If the default value of a field is specified by a call to ``field()``,
then the class attribute for this field will be replaced by the
specified ``default`` value.  If no ``default`` is provided, then the
class attribute will be deleted.  The intent is that after the
``dataclass`` decorator runs, the class attributes will all contain
the default values for the fields, just as if the default value itself
were specified.  For example, after::

  @dataclass
  class C:
      x: int
      y: int = field(repr=False)
      z: int = field(repr=False, default=10)
      t: int = 20

The class attribute ``C.z`` will be ``10``, the class attribute
``C.t`` will be ``20``, and the class attributes ``C.x`` and ``C.y``
will not be set.

``Field`` objects
-----------------

``Field`` objects describe each defined field. These objects are
created internally, and are returned by the ``fields()`` module-level
method (see below).  Users should never instantiate a ``Field``
object directly.  Its documented attributes are:

- ``name``: The name of the field.

- ``type``: The type of the field.

- ``default``, ``default_factory``, ``init``, ``repr``, ``hash``,
  ``compare``, and ``metadata`` have the identical meaning and values
  as they do in the ``field()`` declaration.

Other attributes may exist, but they are private and must not be
inspected or relied on.

post-init processing
--------------------

The generated ``__init__`` code will call a method named
``__post_init__``, if it is defined on the class.  It will be called
as ``self.__post_init__()``.  If no ``__init__`` method is generated,
then ``__post_init__`` will not automatically be called.

Among other uses, this allows for initializing field values that
depend on one or more other fields.  For example::

    @dataclass
    class C:
        a: float
        b: float
        c: float = field(init=False)

        def __post_init__(self):
            self.c = self.a + self.b

See the section below on init-only variables for ways to pass
parameters to ``__post_init__()``.  Also see the warning about how
``replace()`` handles ``init=False`` fields.

Class variables
---------------

One place where ``dataclass`` actually inspects the type of a field is
to determine if a field is a class variable as defined in :pep:`526`.  It
does this by checking if the type of the field is ``typing.ClassVar``.
If a field is a ``ClassVar``, it is excluded from consideration as a
field and is ignored by the Data Class mechanisms.
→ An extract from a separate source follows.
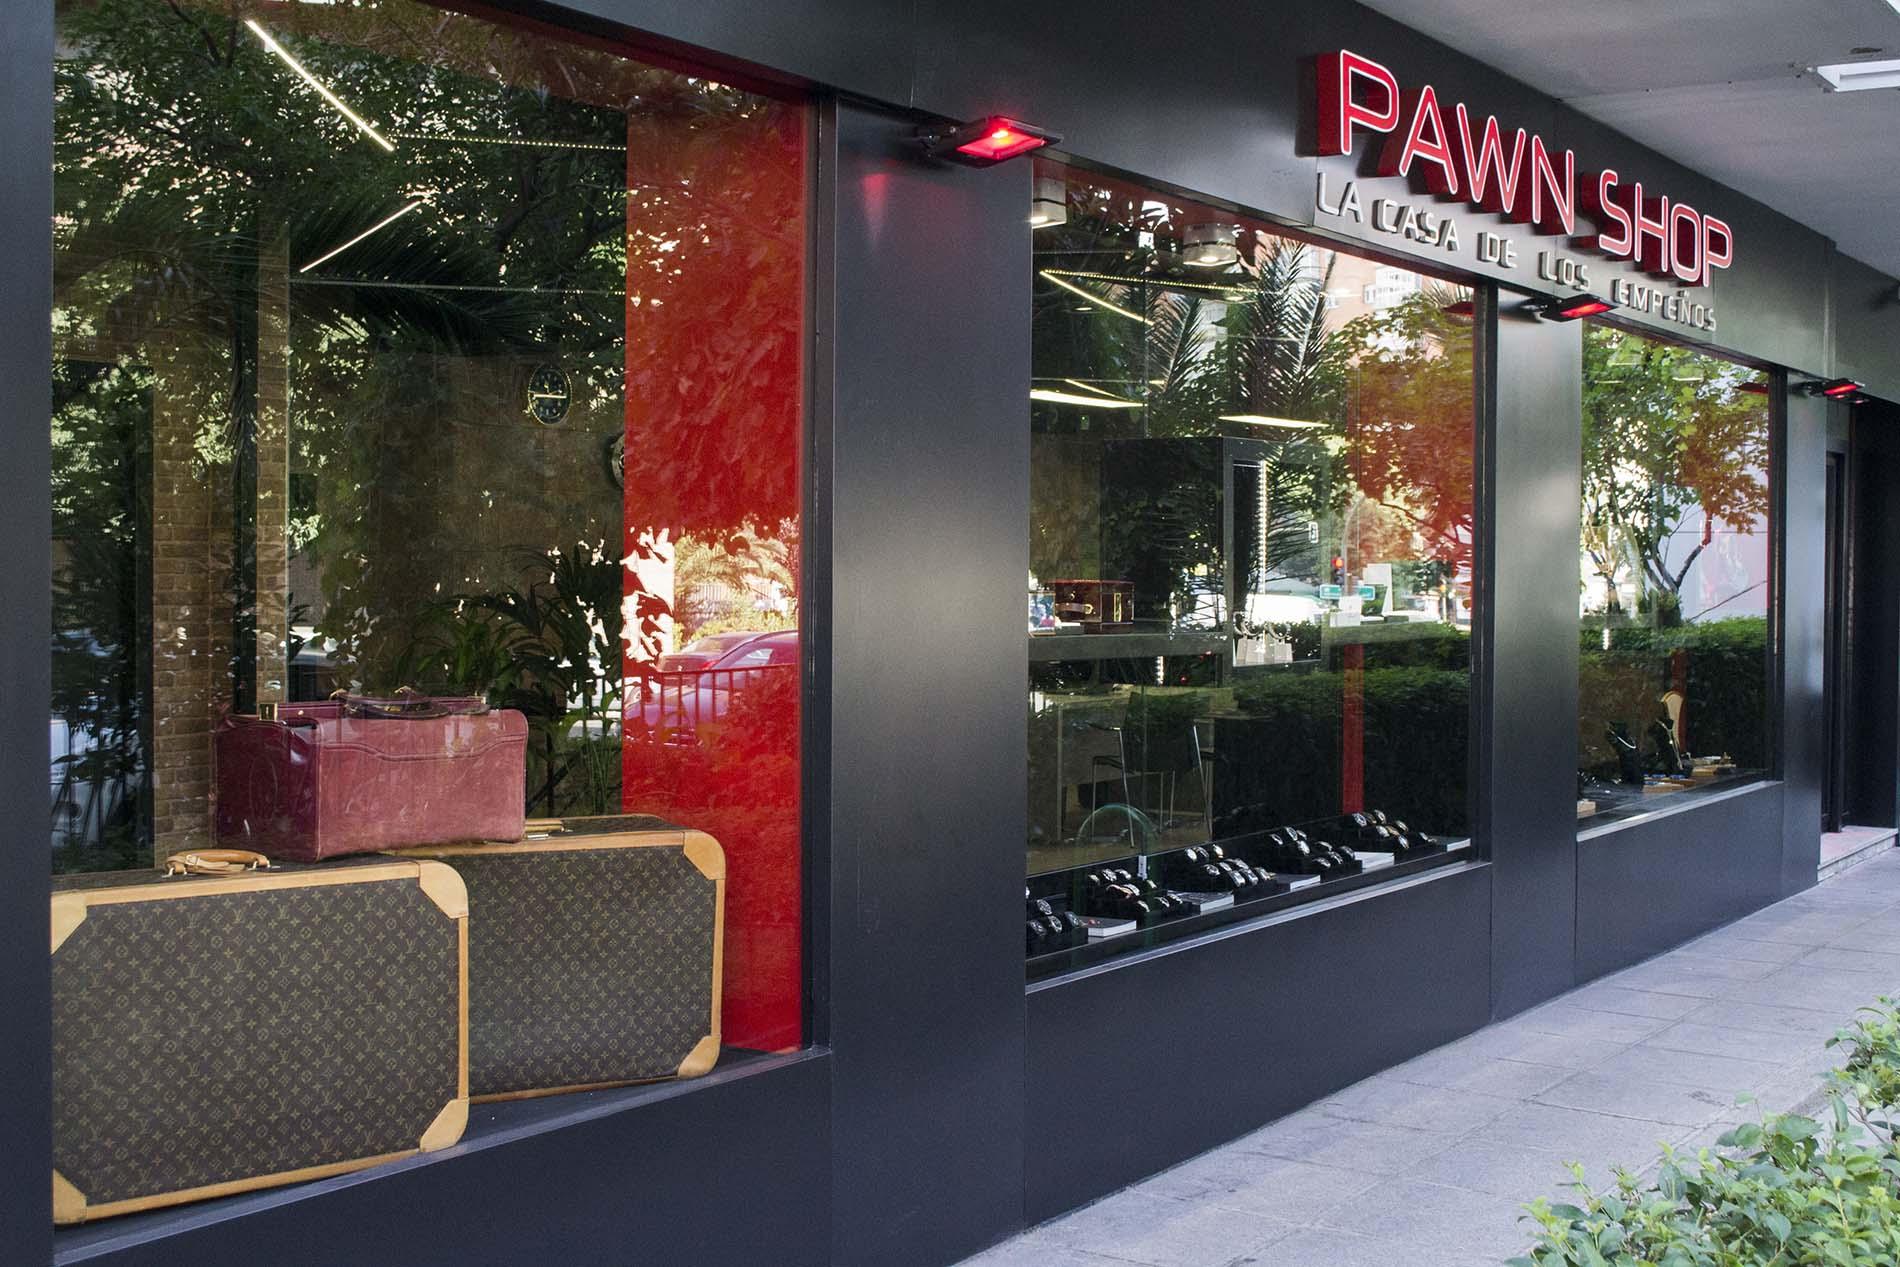 Casa de empe os online madrid compraventa de relojes tienda - Shop on line casa ...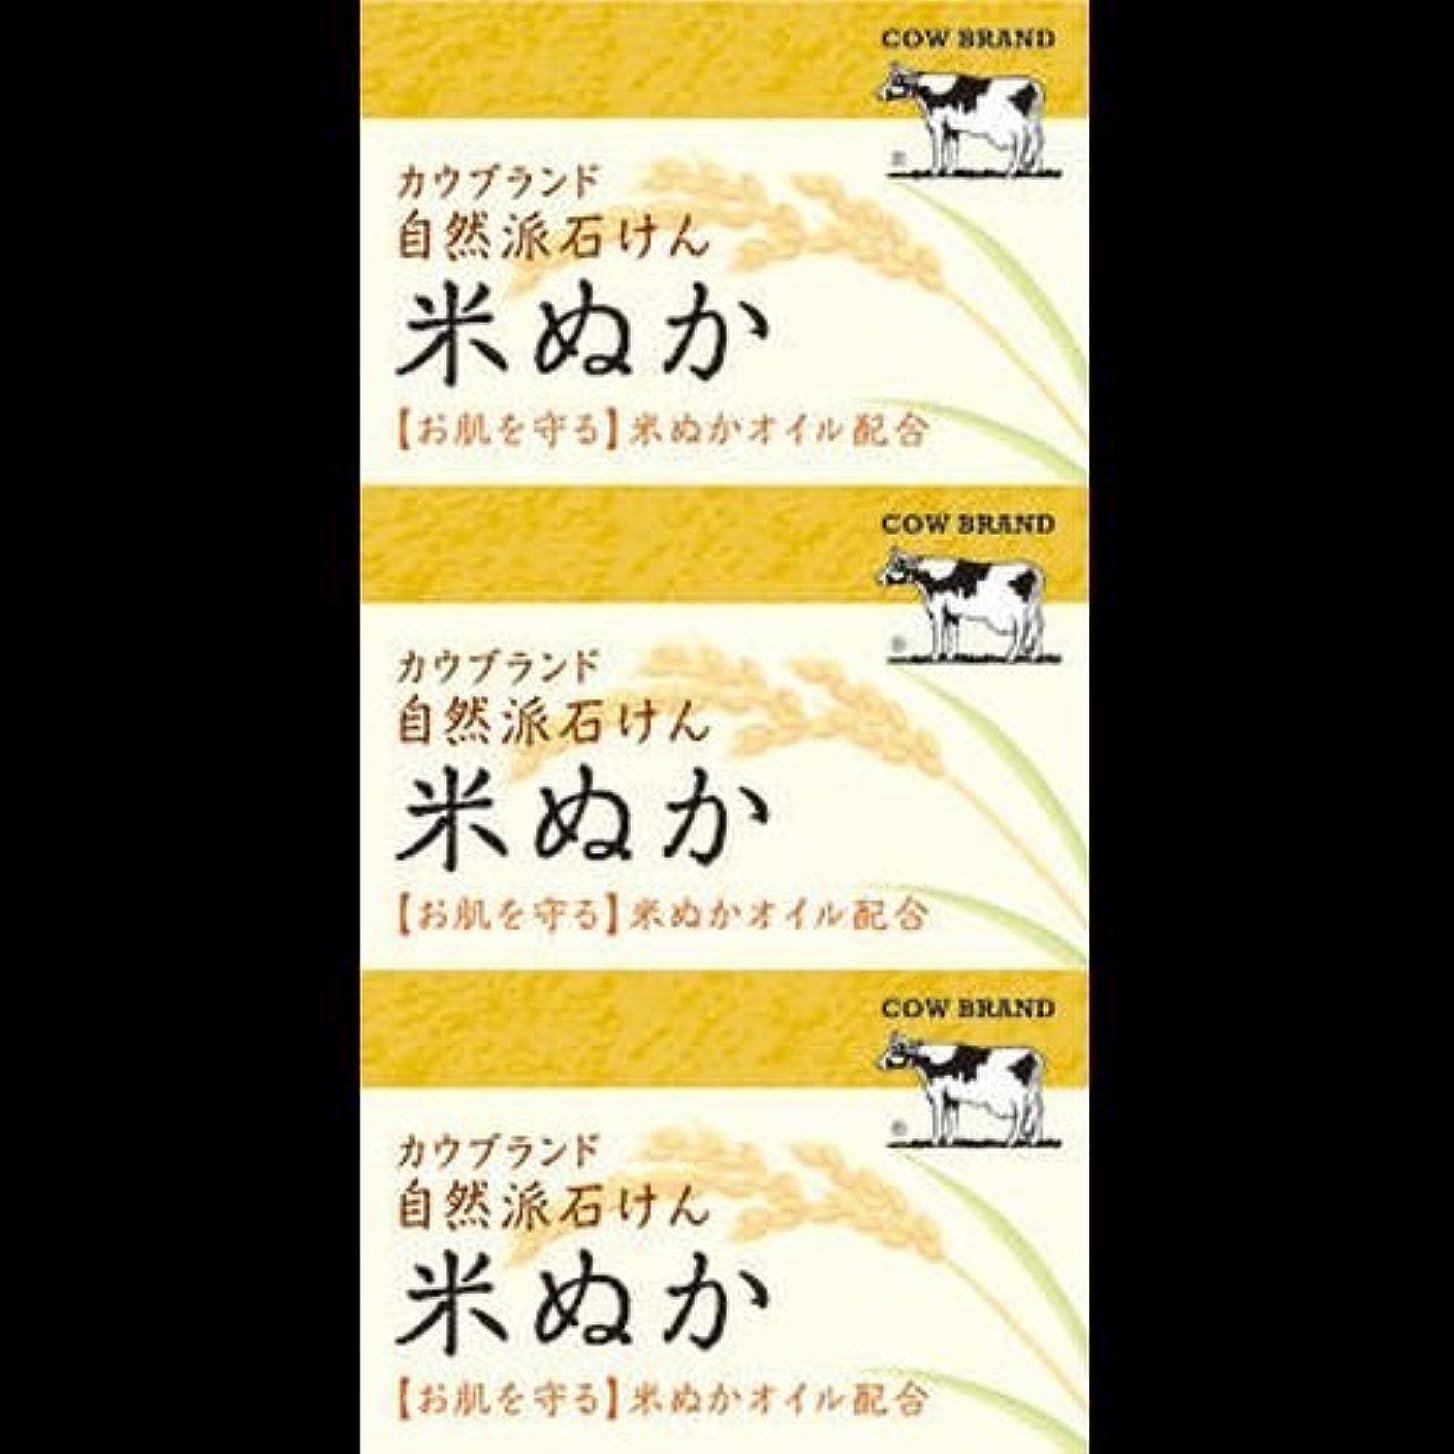 【まとめ買い】カウブランド 自然派石けん 米ぬか 100g*3個 ×2セット

For more
discussion, see [#]_.  Such ``ClassVar`` pseudo-fields are not
returned by the module-level ``fields()`` function.

Init-only variables
-------------------

The other place where ``dataclass`` inspects a type annotation is to
determine if a field is an init-only variable.  It does this by seeing
if the type of a field is of type ``dataclasses.InitVar``.  If a field
is an ``InitVar``, it is considered a pseudo-field called an init-only
field.  As it is not a true field, it is not returned by the
module-level ``fields()`` function.  Init-only fields are added as
parameters to the generated ``__init__`` method, and are passed to
the optional ``__post_init__`` method.  They are not otherwise used
by Data Classes.

For example, suppose a field will be initialized from a database, if a
value is not provided when creating the class::

  @dataclass
  class C:
      i: int
      j: int = None
      database: InitVar[DatabaseType] = None

      def __post_init__(self, database):
          if self.j is None and database is not None:
              self.j = database.lookup('j')

  c = C(10, database=my_database)

In this case, ``fields()`` will return ``Field`` objects for ``i`` and
``j``, but not for ``database``.

Frozen instances
----------------

It is not possible to create truly immutable Python objects.  However,
by passing ``frozen=True`` to the ``@dataclass`` decorator you can
emulate immutability.  In that case, Data Classes will add
``__setattr__`` and ``__delattr__`` methods to the class.  These
methods will raise a ``FrozenInstanceError`` when invoked.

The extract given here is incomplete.